469 00:47:01.130 ⇒ 00:47:02.180 Caitlyn Vaughn: opportunities.
470 00:47:02.180 ⇒ 00:47:03.100 Uttam Kumaran: Tom.
471 00:47:03.590 ⇒ 00:47:17.530 Uttam Kumaran: I’ll, I’ll see if I can maybe grab some recurring time with him, and then some of these tasks I would like him to take on, because I want someone internally… God forbid you, decide to part ways with us, I want you guys to have somebody, that knows how to do all this stuff, so…
472 00:47:17.530 ⇒ 00:47:20.760 Caitlyn Vaughn: Actually, you suck! The last 6 months is big!
473 00:47:20.760 ⇒ 00:47:27.889 Uttam Kumaran: No, so I just… but also, I… like, I don’t want to be… this all… for all of our clients, I’m like, don’t want to just…
474 00:47:28.080 ⇒ 00:47:35.989 Uttam Kumaran: do everything, and then, like, whatever, we’re the gatekeepers for all this, so I actually think… and he’s on the inside, so he…
475 00:47:36.150 ⇒ 00:47:38.749 Uttam Kumaran: We’ll know all… a lot of these questions we have, so…

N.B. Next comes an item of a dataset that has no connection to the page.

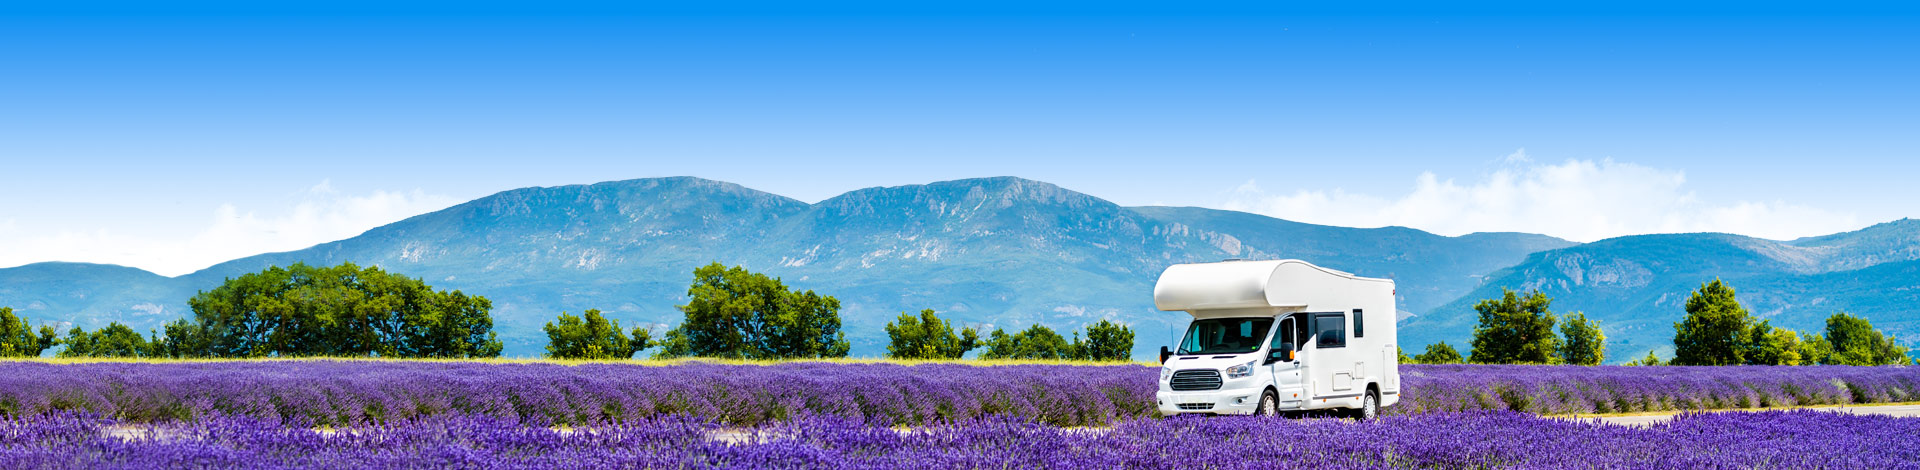 Een auto in de lavendelvelden met een last minute vakantie naar een camping in Frankrijk

476 00:47:38.920 ⇒ 00:47:42.880 Caitlyn Vaughn: Totally, yeah. And if he doesn’t, it’s good that you’re asking them, because he’ll learn.

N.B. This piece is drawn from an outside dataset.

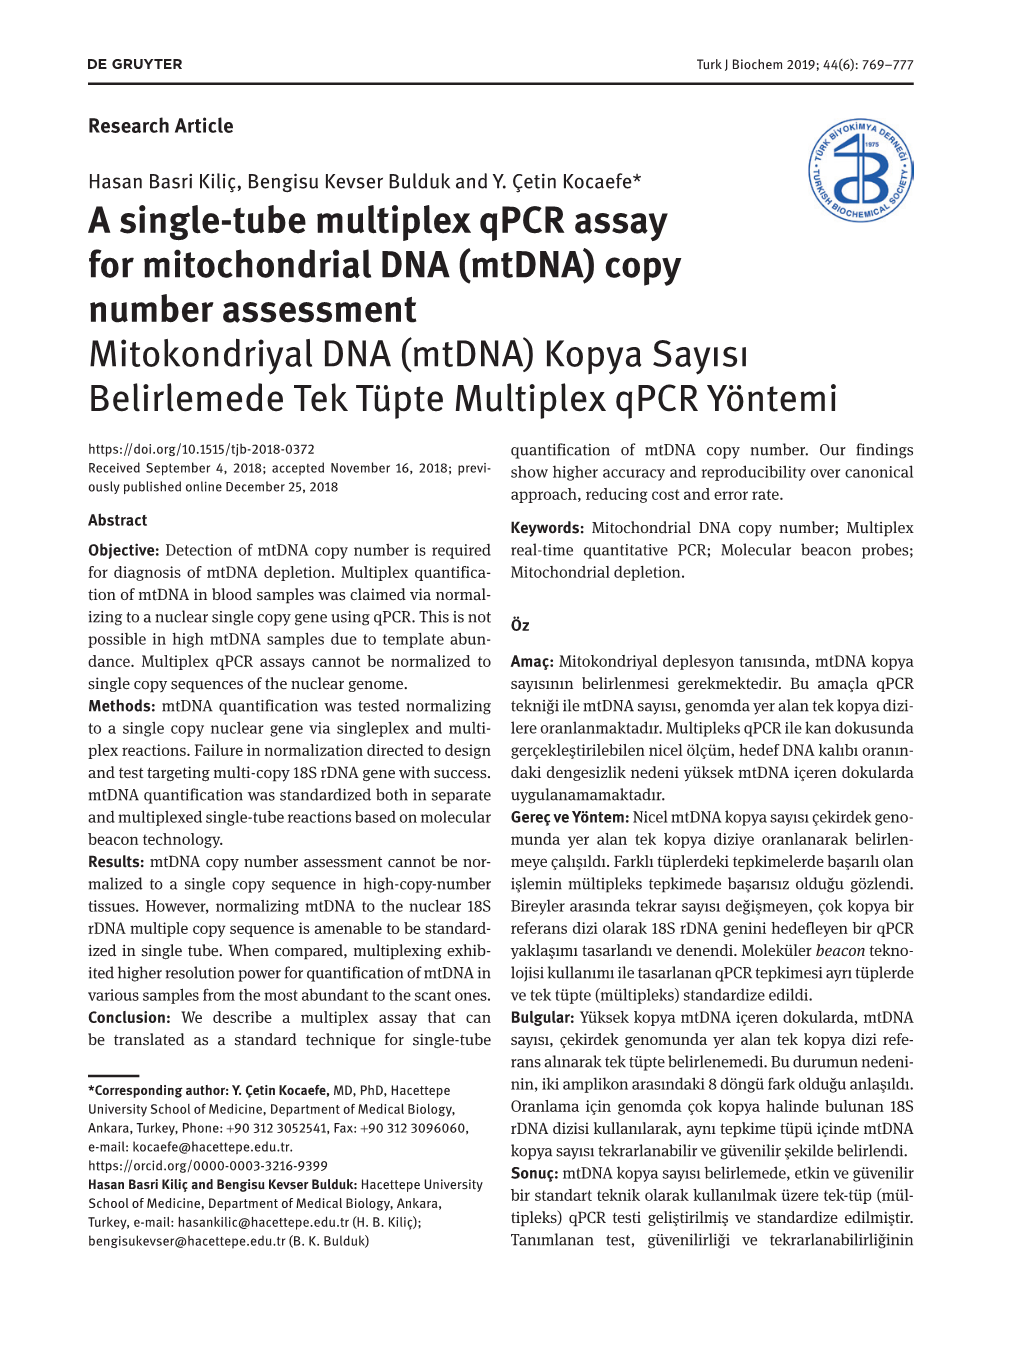 A Single-Tube Multiplex Qpcr Assay for Mitochondrial DNA (Mtdna)

477 00:47:43.350 ⇒ 00:47:43.880 Uttam Kumaran: Cool.
478 00:47:44.630 ⇒ 00:47:45.140 Caitlyn Vaughn: Cool.
479 00:47:45.140 ⇒ 00:47:50.249 Uttam Kumaran: Okay, great, thank you for the time. I’ll send you some pings, and then Yessi and the Sigma call.
480 00:47:50.250 ⇒ 00:47:51.480 Caitlyn Vaughn: See you in an hour.
481 00:47:51.480 ⇒ 00:47:52.620 Uttam Kumaran: Okay, alright, bye.